After all these decades of being involved with Woodstock School as a student, a very active alumna, and a parent, it was past time for me to join the board. So far I’m a member of the General Body, which does not wield much power compared with the (much smaller) board itself. But it does have one very important responsibility: identifying, vetting, interviewing, and proposing potential future board members. My vast network among alumni and elsewhere will be helpful here. I’m also trying to help the school in other ways, such as marketing.
From Mussoorie we went to Goa for a few more days of honeymoon. Though we stayed in a very nice hotel (the Taj Fort Aguada), September was not a good time to be there – the ocean was still dangerous to swim in and the beach still full of debris washed up by monsoon storms, so we didn’t get to enjoy the beach at all.
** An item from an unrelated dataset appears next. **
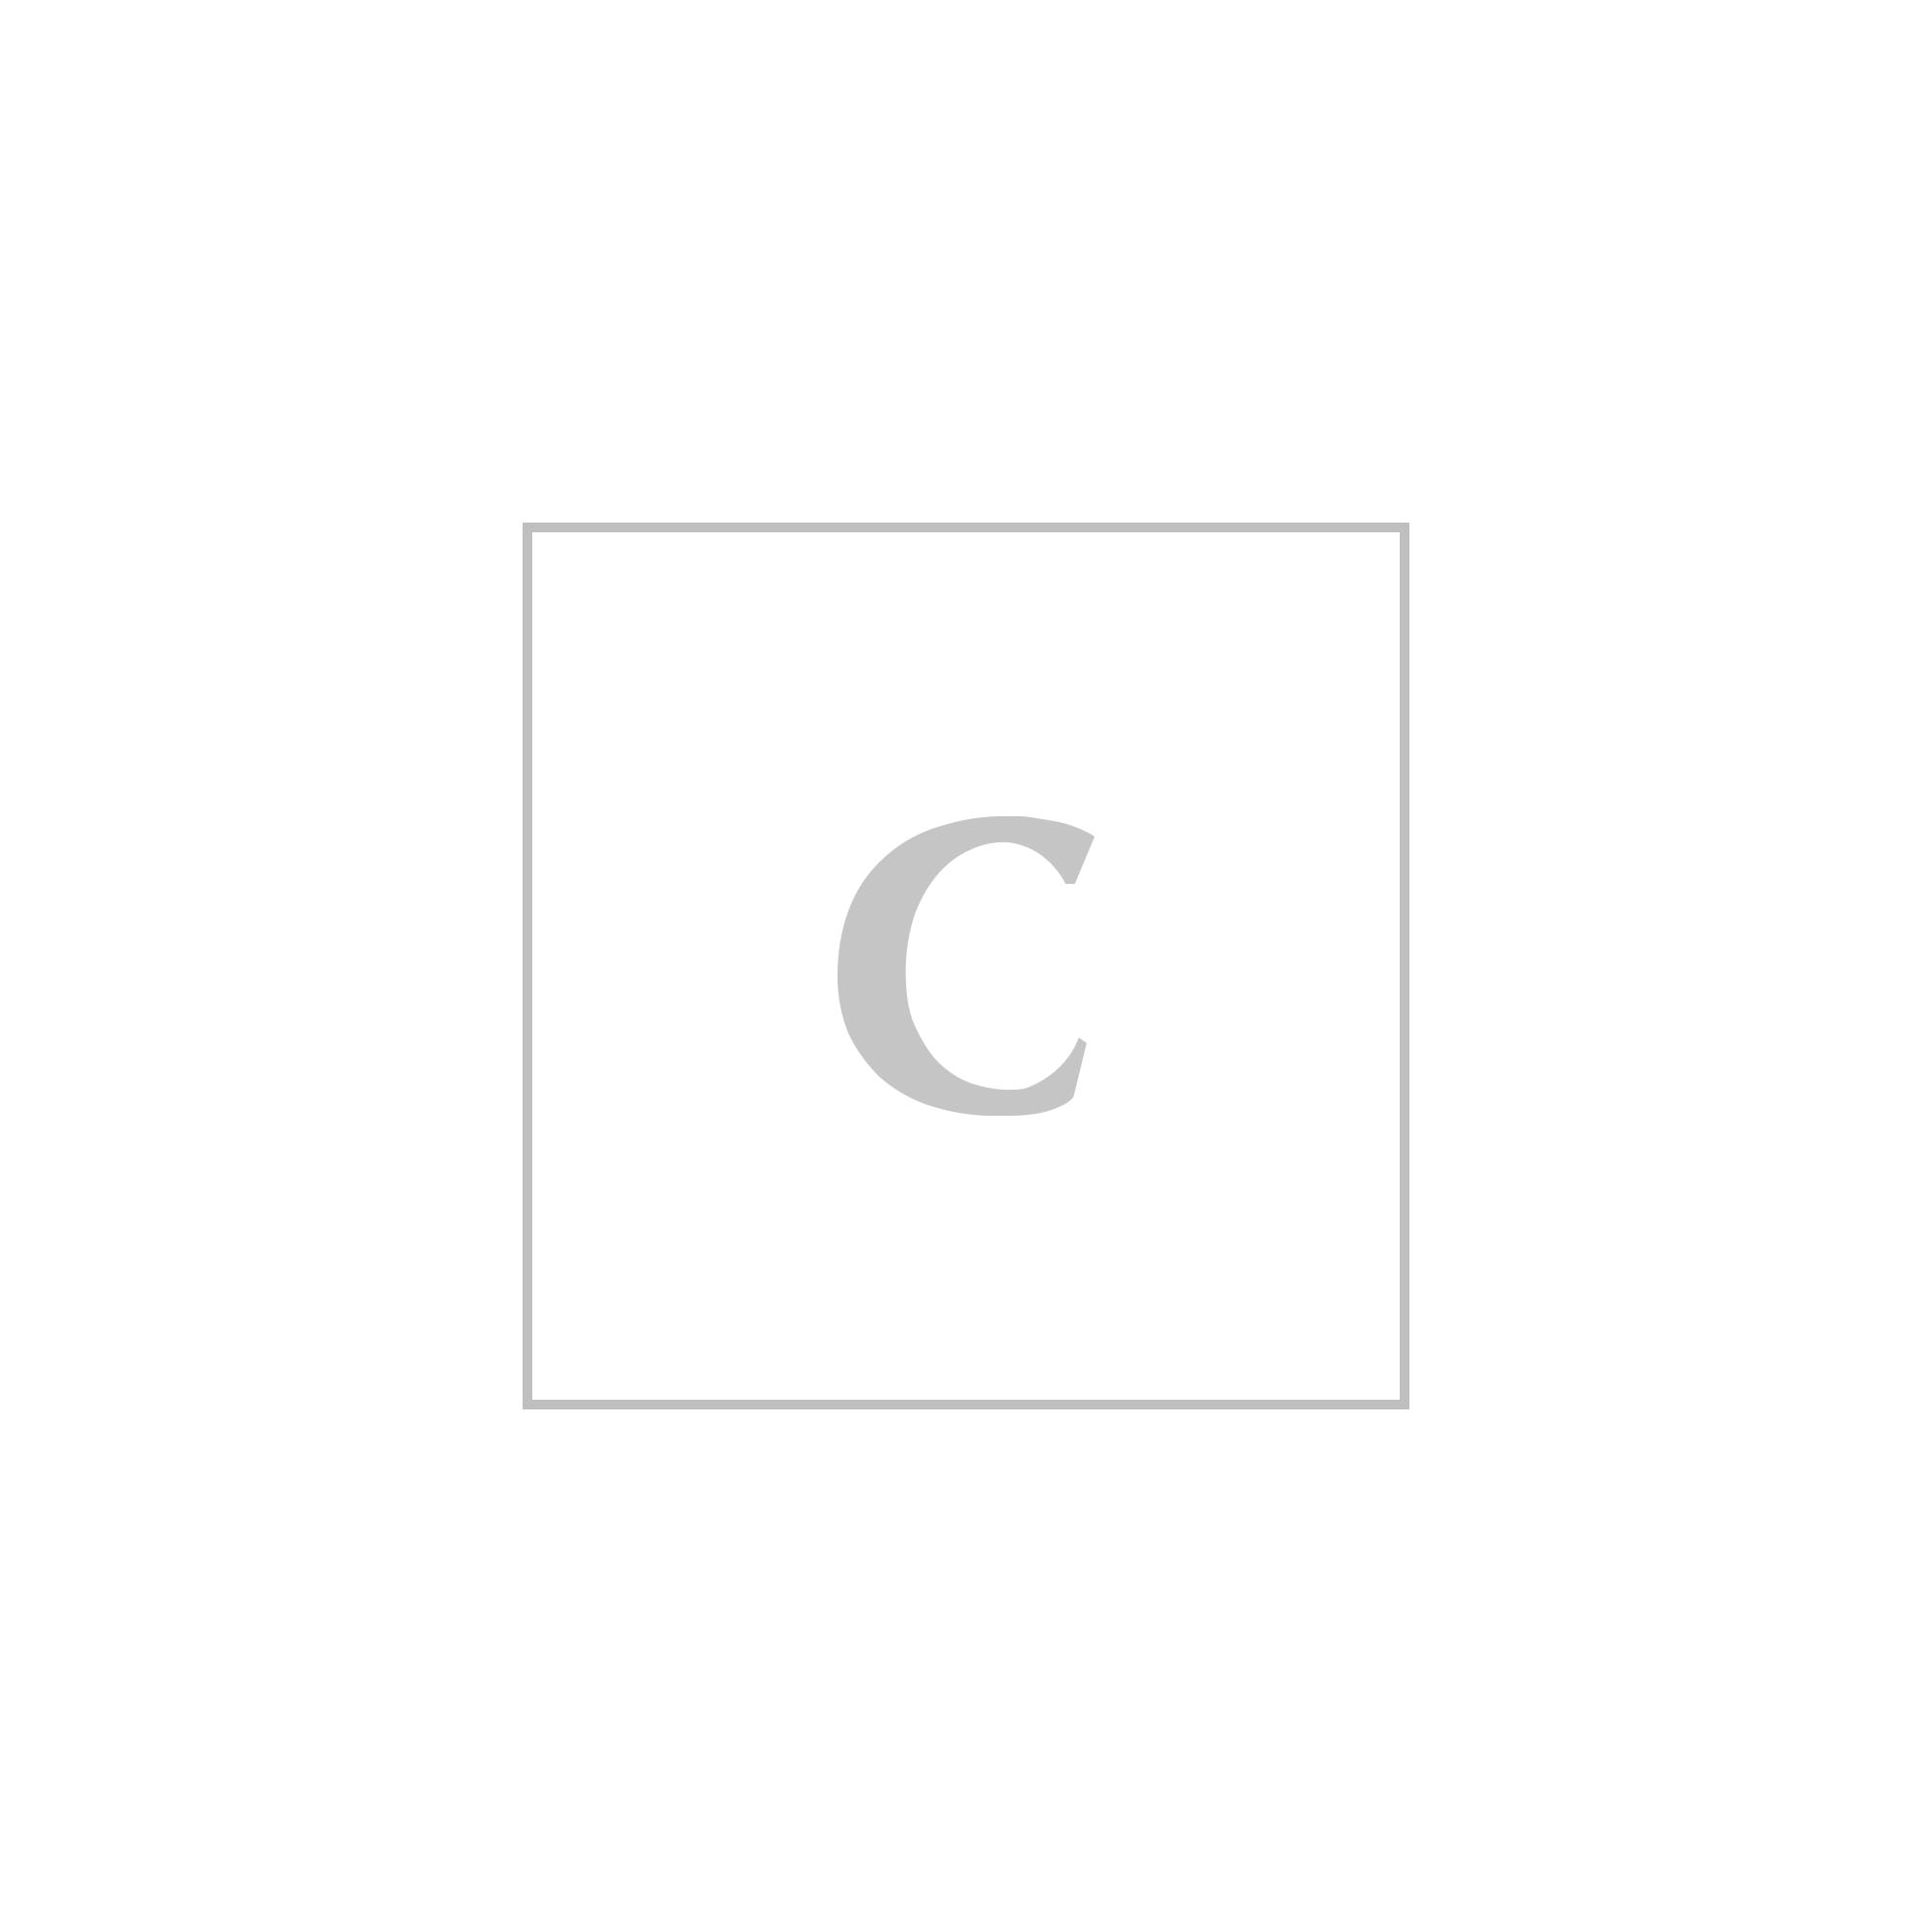 Stella mccartney borsa mini shoulder quilted shiny dotted chamois

But we enjoyed more great food, did some shopping, and on our way out of India spent a day in Bombay to celebrate with some classmates. (Photos: India)
October
The rest of September and most of October were full of work stuff for both of us.
Brendan and Mitchell started biking as a father-son activity
Meanwhile, I had grown tired of having no eyebrows – they never really grew back after chemo, and I’m not good enough at makeup to draw them on nicely. So I had them microbladed, a form of tattooing. Yes, it hurts. But it was worth it.
before after
On the right you can see what they looked like after the first session. The color tends to get strong after a few days, then fade a bit over a month, so you go back for a second session to adjust color and fill in any spots that didn’t take well the first time. After that, it should last about two years.
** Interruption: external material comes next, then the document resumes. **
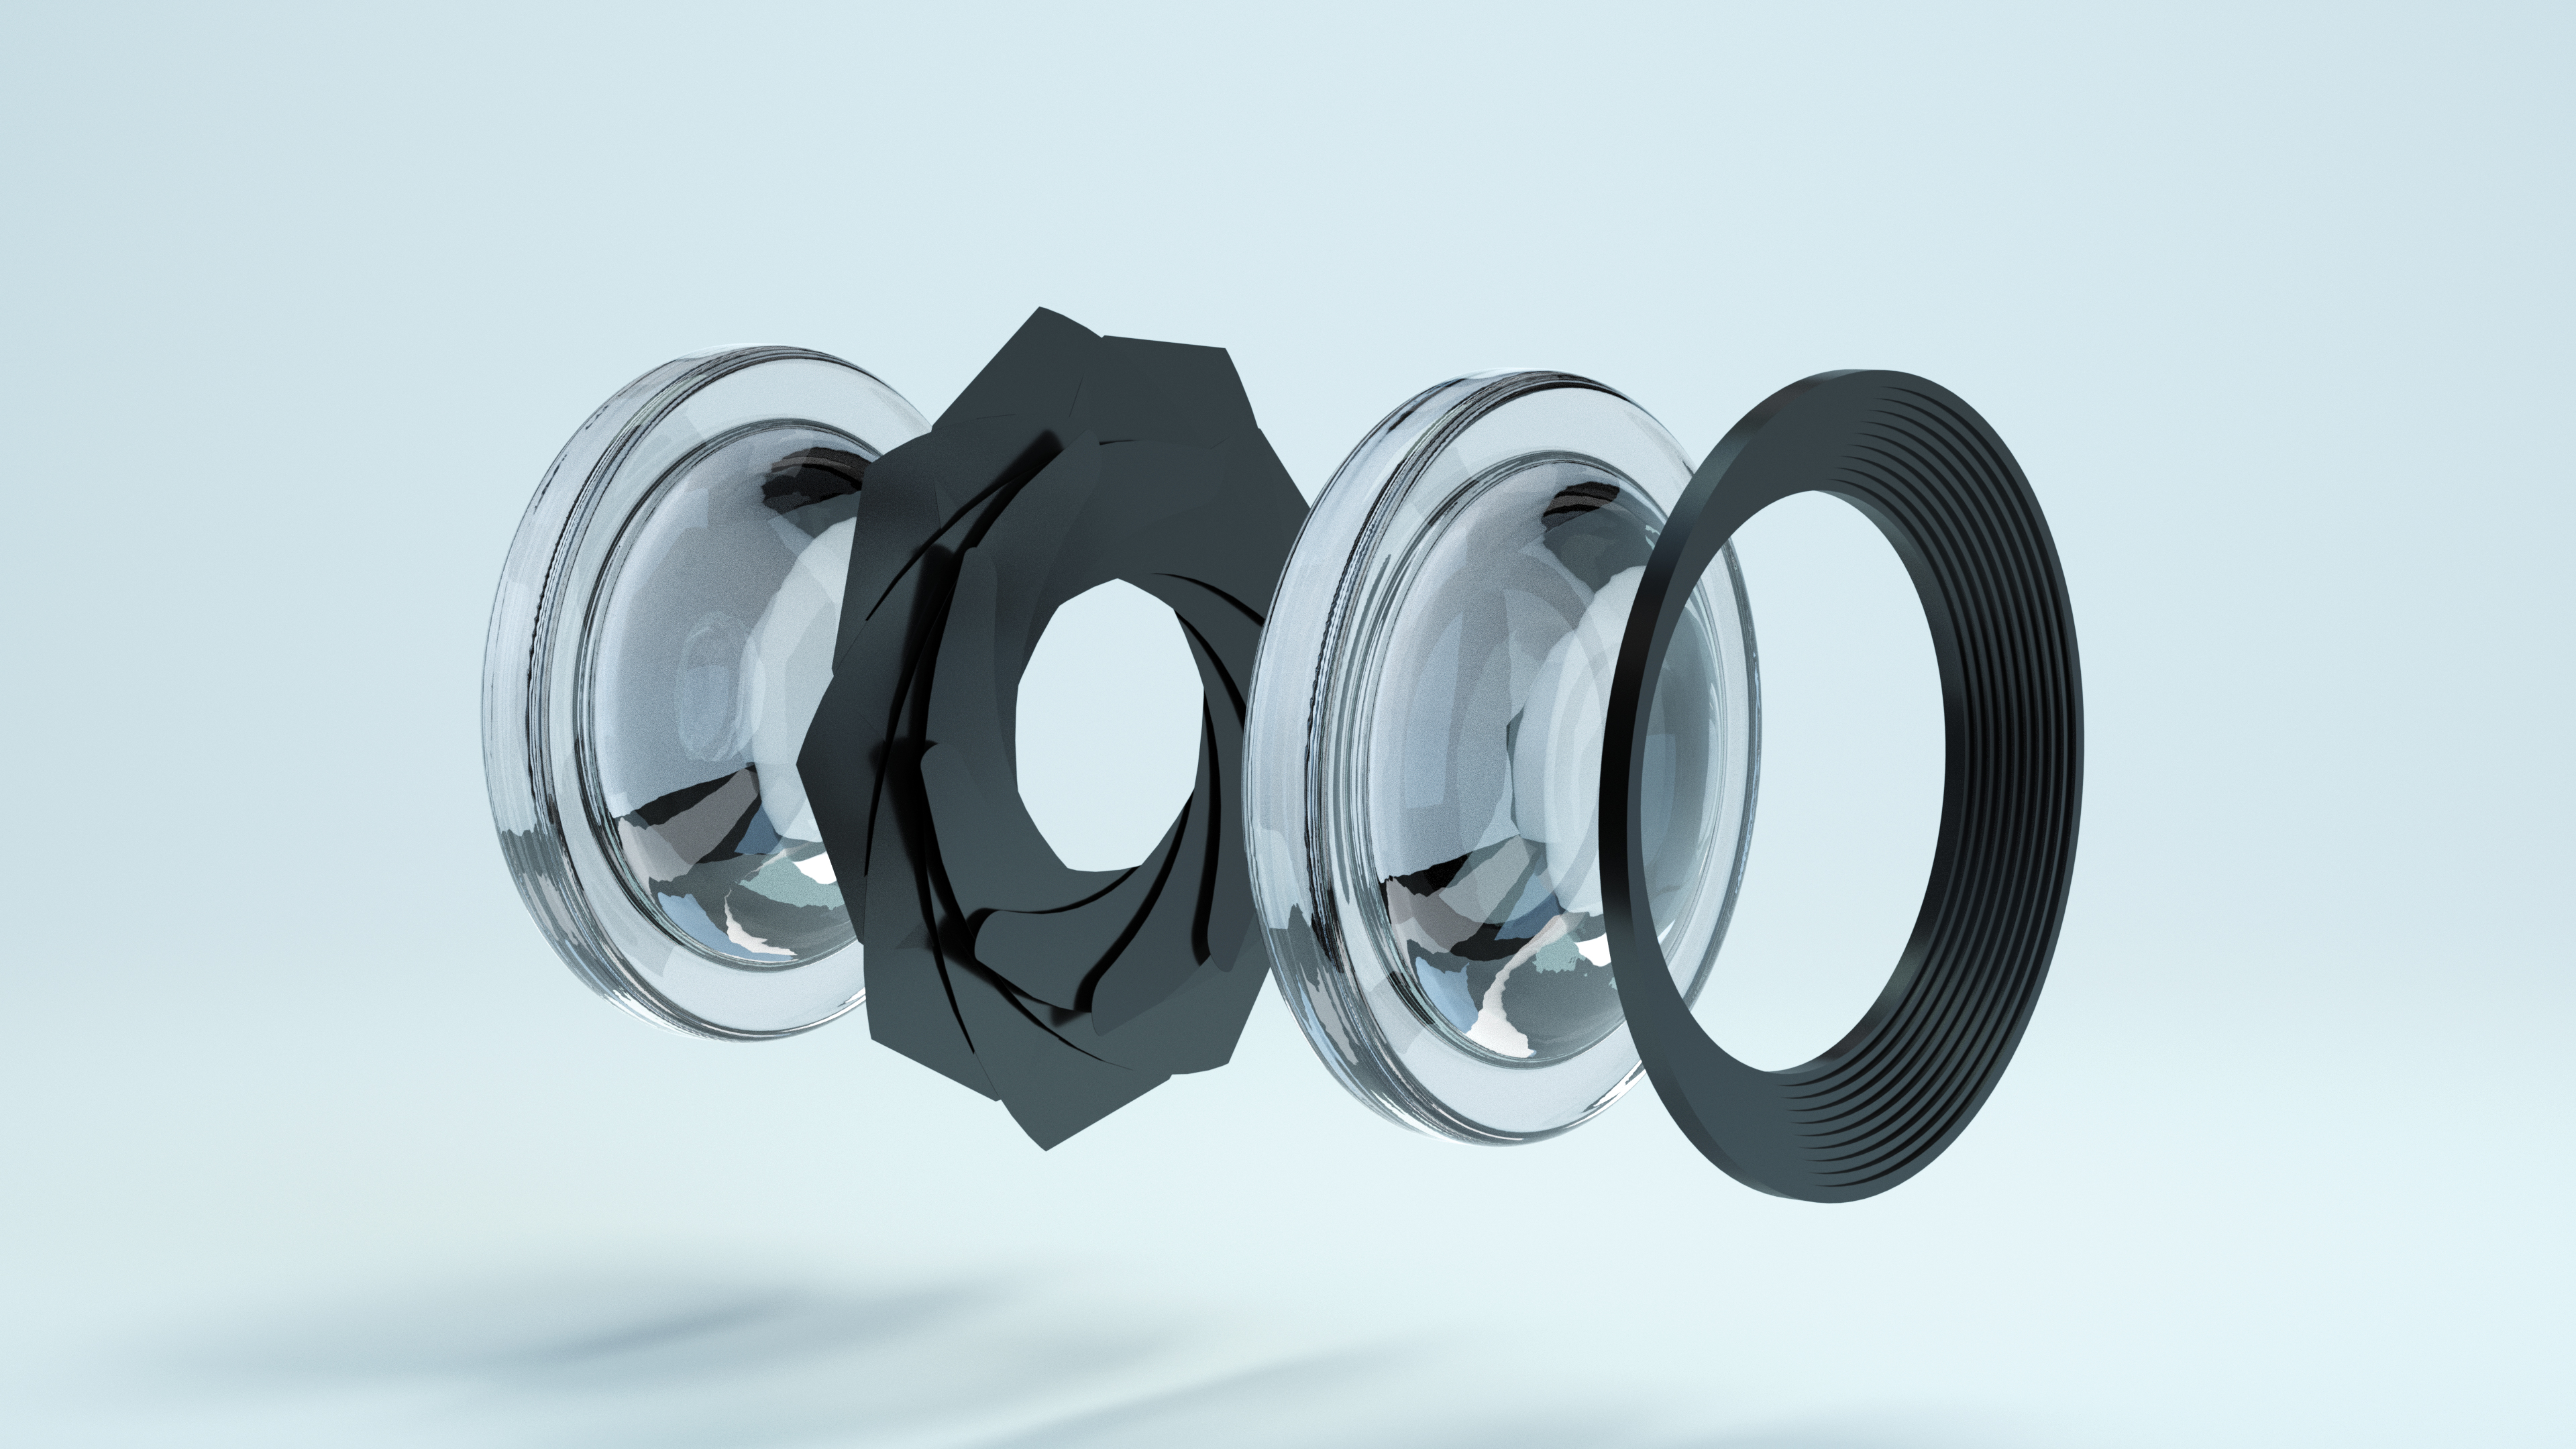 A beginner's guide to camera aperture

At the end of October we went to Portland (my second visit this year) where Brendan was speaking at USENIX LISA. I wasn’t attending the conference, but went along to hang out with him and see other friends – I know many of the regulars because LISA is a conference I have attended, one way and another, for many years.
November
At AWS, November is the run-up to re:Invent, our biggest event of the year, which takes place the week after Thanksgiving. It’s always hectic, and I was busier than ever with the Open Source blog, as well as preparing in various ways for the event itself. re:Invent had an open source track for the first time, so there was plenty to do.
December
Brendan and I both spoke at re:Invent (mine was a builders session for just six people, a freewheeling discussion based on my Marketing Open Source talk – those sessions don’t get recorded). I was also live-tweeting open source sessions from the AWSOpen Twitter handle.
Brendan’s talk on BPF was well received; don’t miss the “BPF theremin” demo that I tweeted:
…enabling us to instrument code to figure out arbitrary things like wifi signal strength. pic.twitter.com/YpIYKKQ5Y6
— AWS Open Source (@AWSOpen) December 5, 2019
Brendan’s new book, BPF Performance Tools, was also finally released in electronic format that week. (Print came later.)
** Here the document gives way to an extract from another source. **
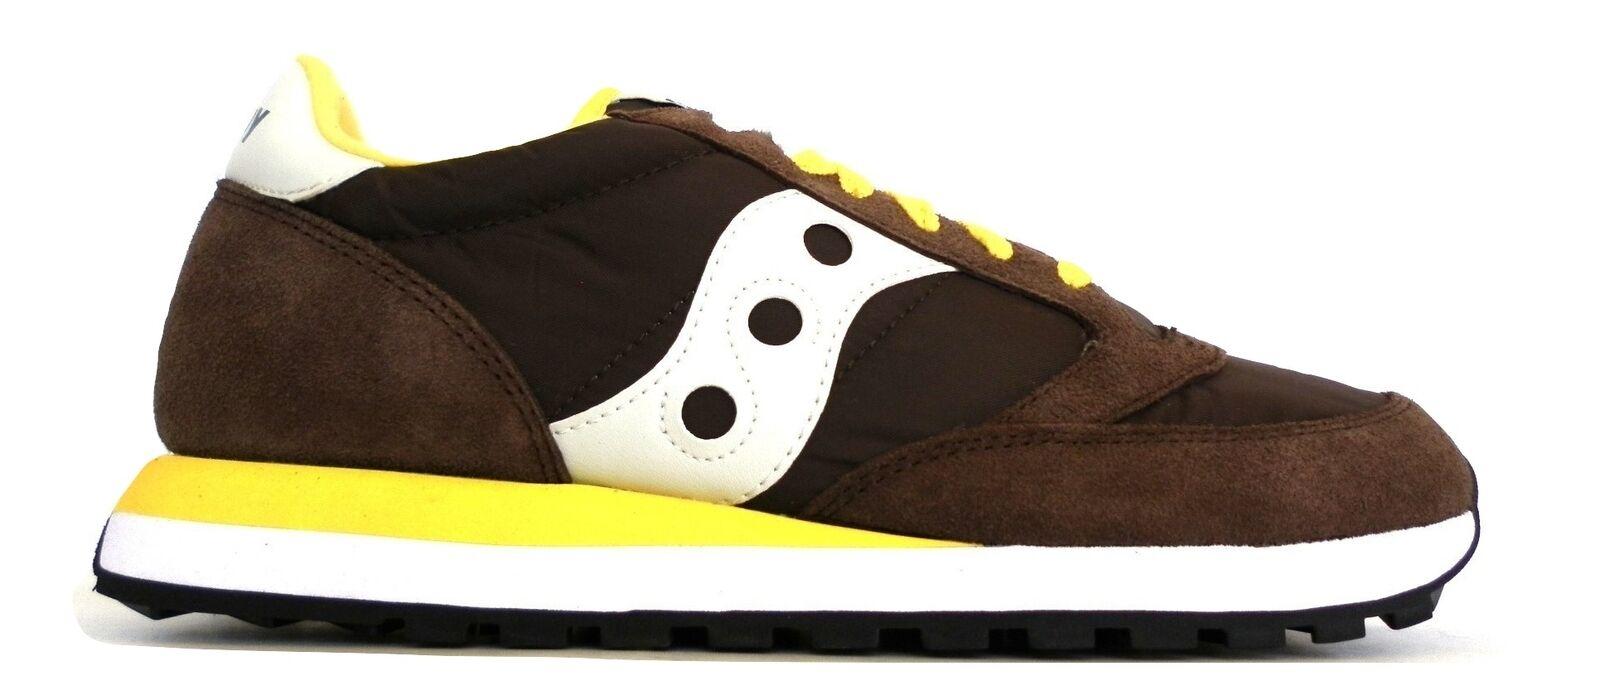 SAUCONY scarpe scarpe da ginnastica uomo JAZZ ORIGINAL S2044-416 Marroneeee e giallo

We spent the remaining days until Christmas recovering from all that, visiting neighborhood light displays and finally putting up our own. The lights are our favorite thing about the holiday season – next year we’ll do more.
We had Christmas dinner and present opening with Mitchell’s mother on Christmas eve, because on Christmas day we flew to New York to visit Ross and Dan. Manhattan was unbearably crowded with tourists, but we saw a couple of museums (also crowded), ate a lot of good food, and generally enjoyed each others’ company. We flew home on the 31st and on New Year’s Eve we… went to bed early.